Work instructions.
Quote these lines exactly: the one that holds "Easy Chicken Pot" and every line after it to the end of the material below. Skip pictures.

[[ Listed records open ]]

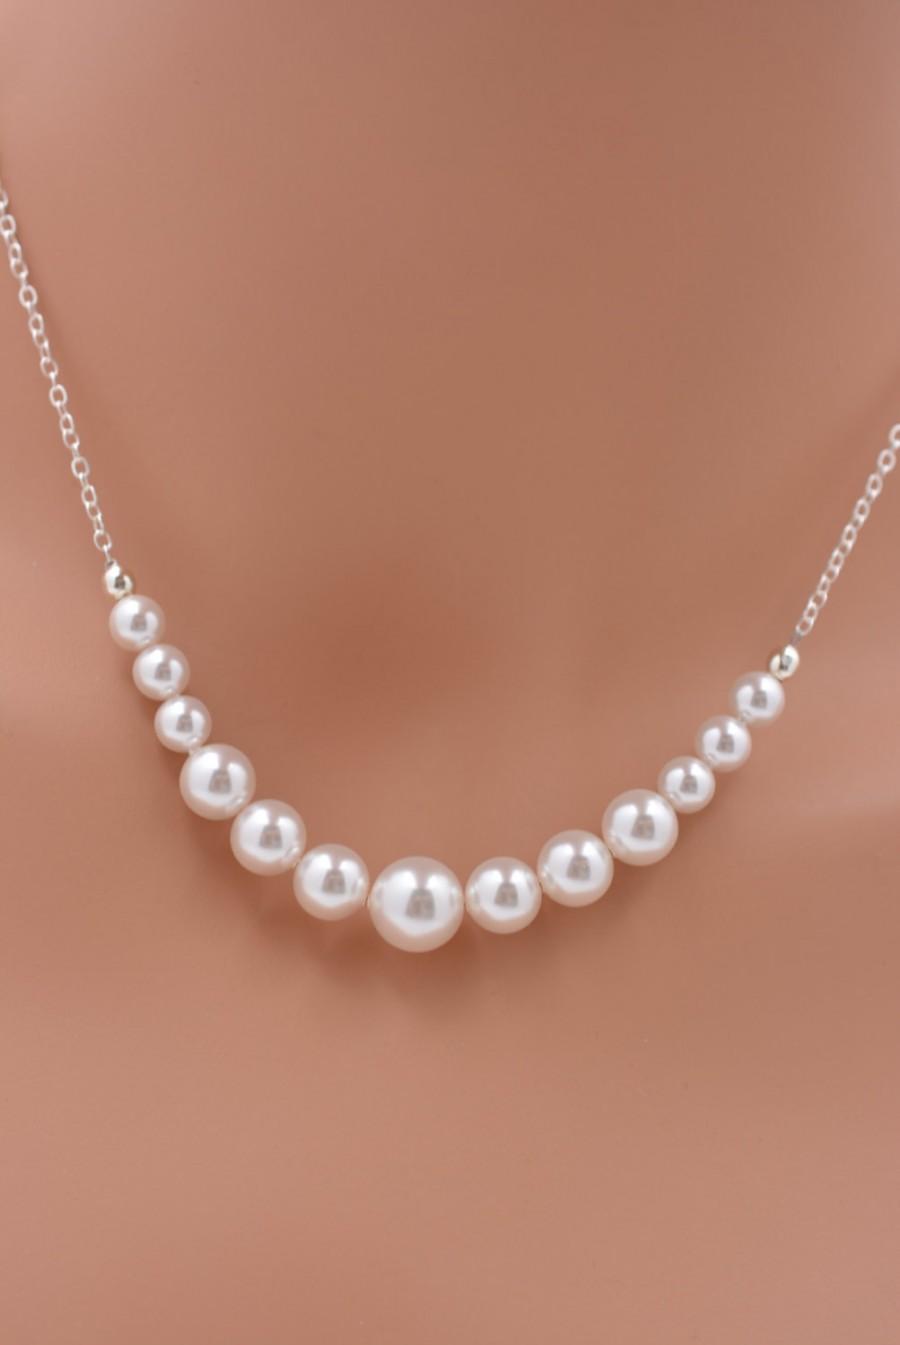 Hochzeit - Set of 6 Bridesmaid Pearl Necklaces, Silver and Pearl Bridesmaid Necklaces, Pearl Backdrop Necklace 925 Sterling Silver Necklace 0237
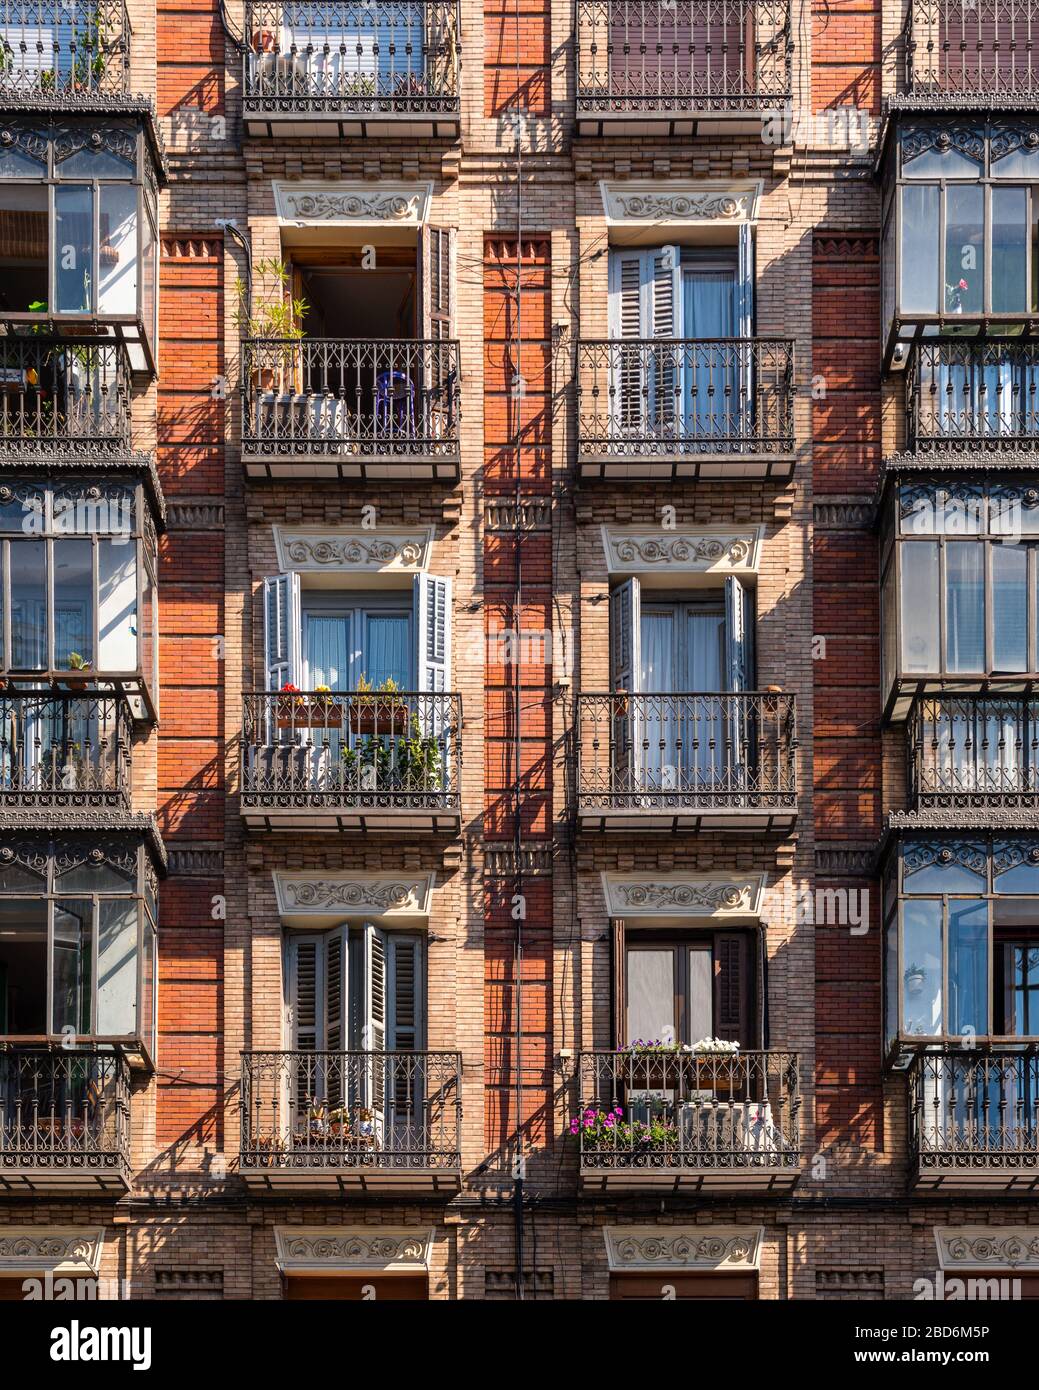 Looking at elegant assorted shuttered balconies on the side of a period building Stock Photo
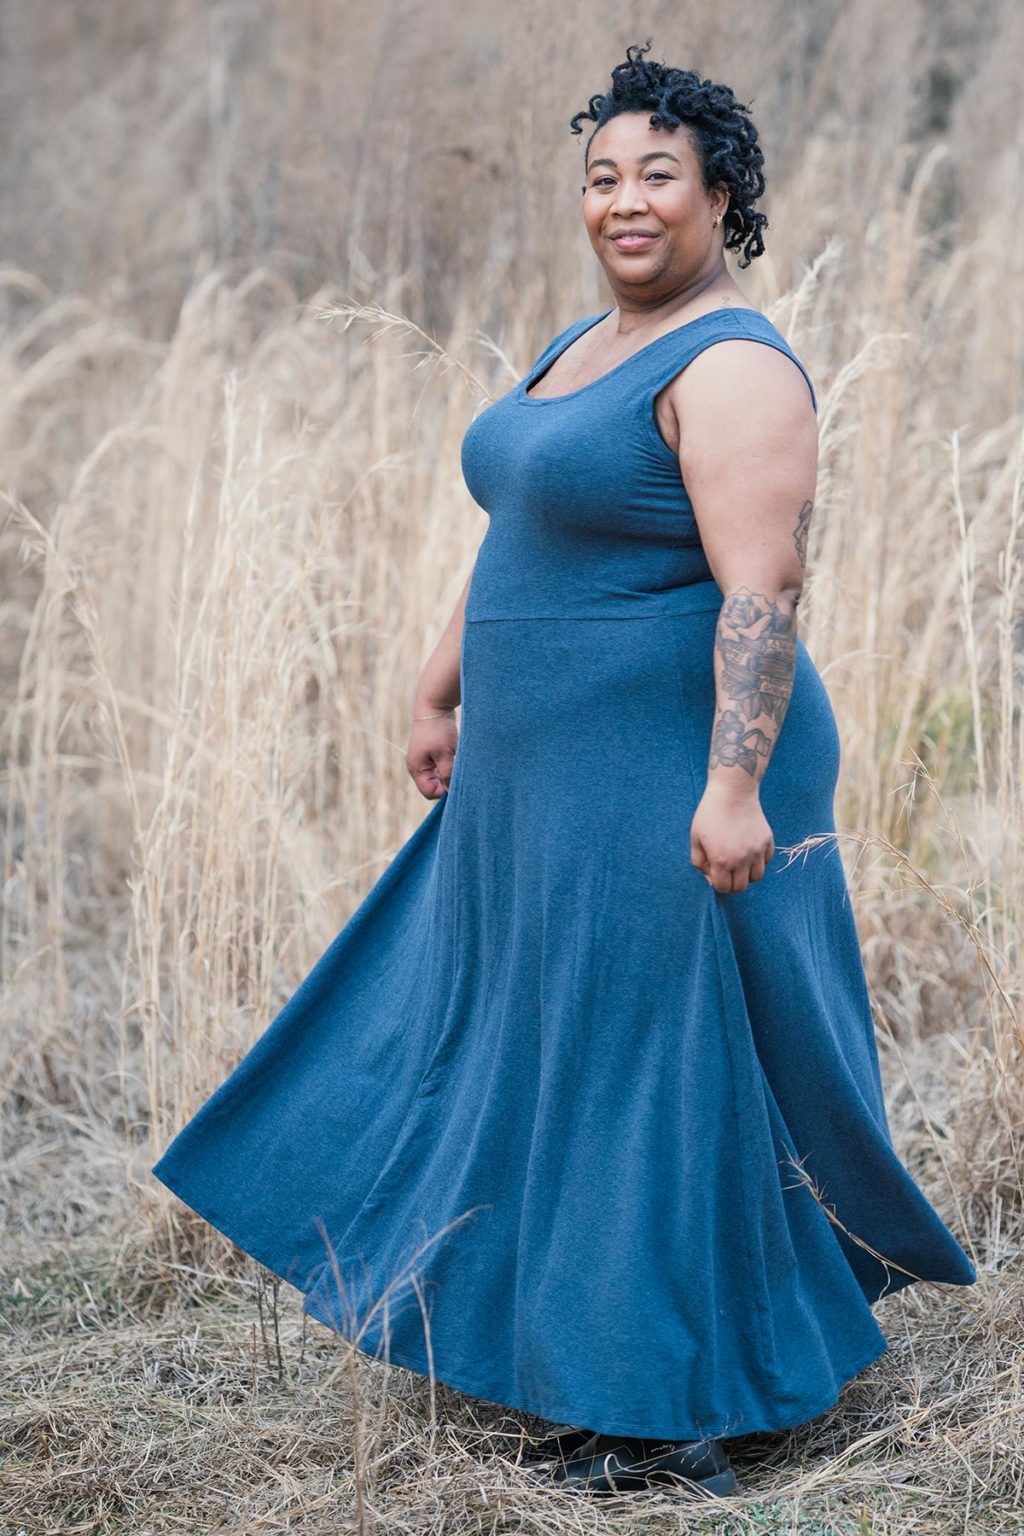 Ashley wears a blue maxi length Stasia Dress standing in the woods
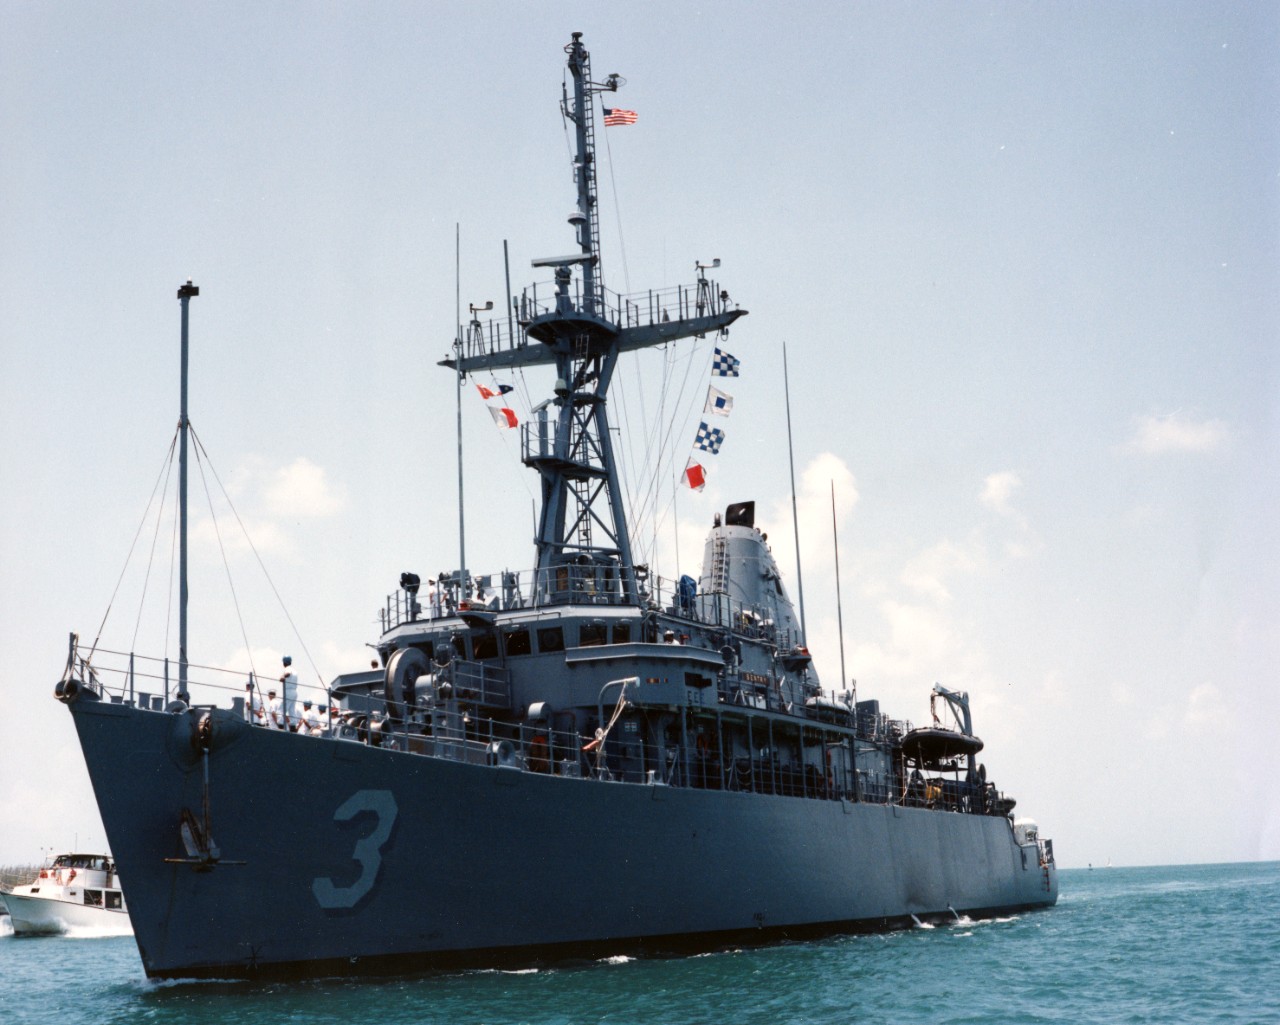 Port bow view of mine countermeasures ship USS Sentry (MCM-3) as it enters harbor at Key West, Florida
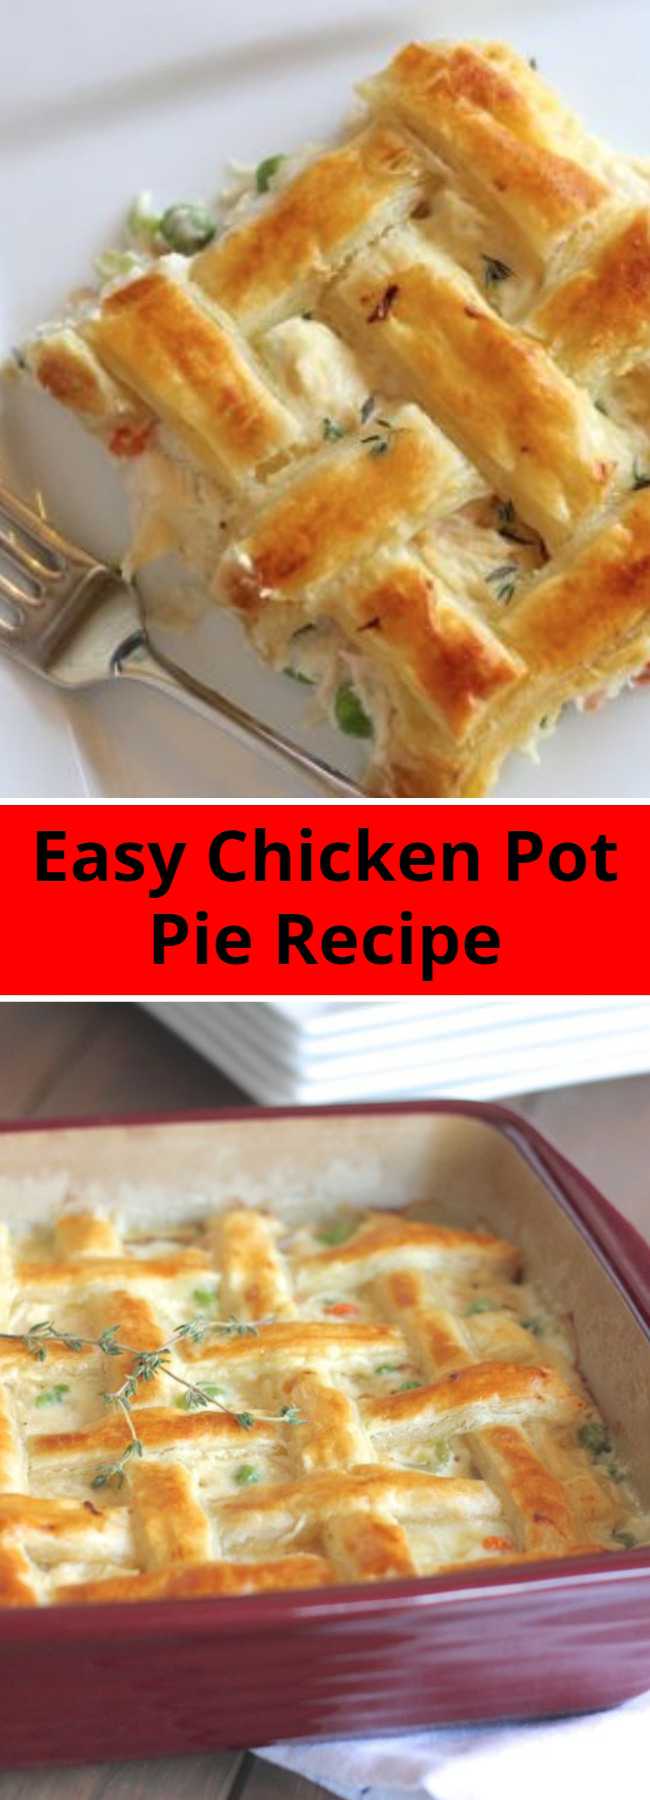 Easy Chicken Pot Pie Recipe - This Chicken Pot Pie has become one of my most popular recipes! It pairs really well with a nice green salad, and that fancy lattice crust makes dinner guests feel extra special. Don’t worry if you’ve never made one before, it’s really not too difficult.
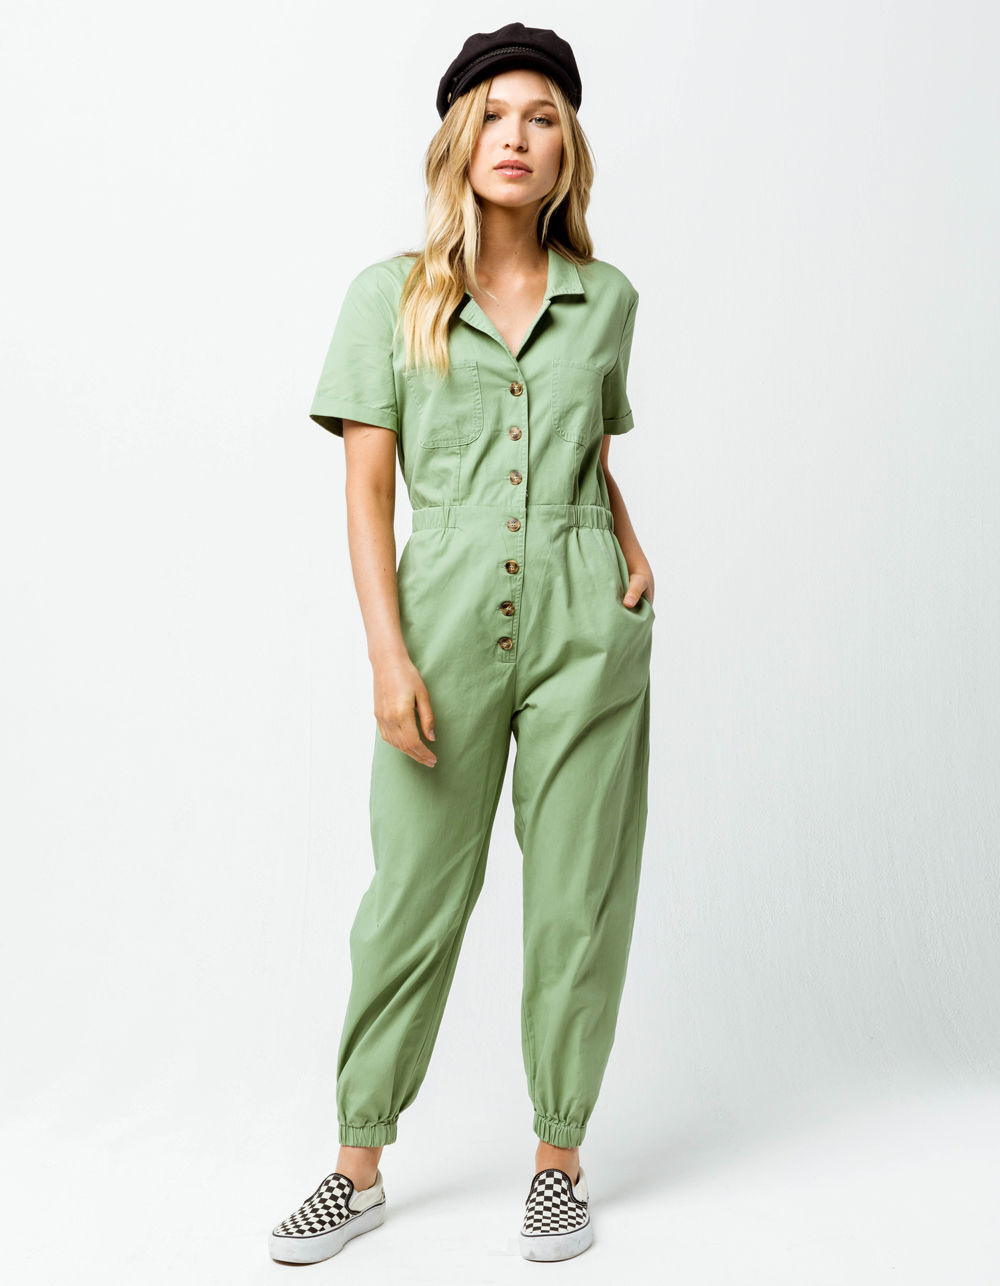 KNOW ONE CARES Utilitarian Womens Jumpsuit - SAGE | Tillys

[[ Listed records closed ]]

Answer.
 Easy Chicken Pot Pie Recipe - This Chicken Pot Pie has become one of my most popular recipes! It pairs really well with a nice green salad, and that fancy lattice crust makes dinner guests feel extra special. Don’t worry if you’ve never made one before, it’s really not too difficult.
 KNOW ONE CARES Utilitarian Womens Jumpsuit - SAGE | Tillys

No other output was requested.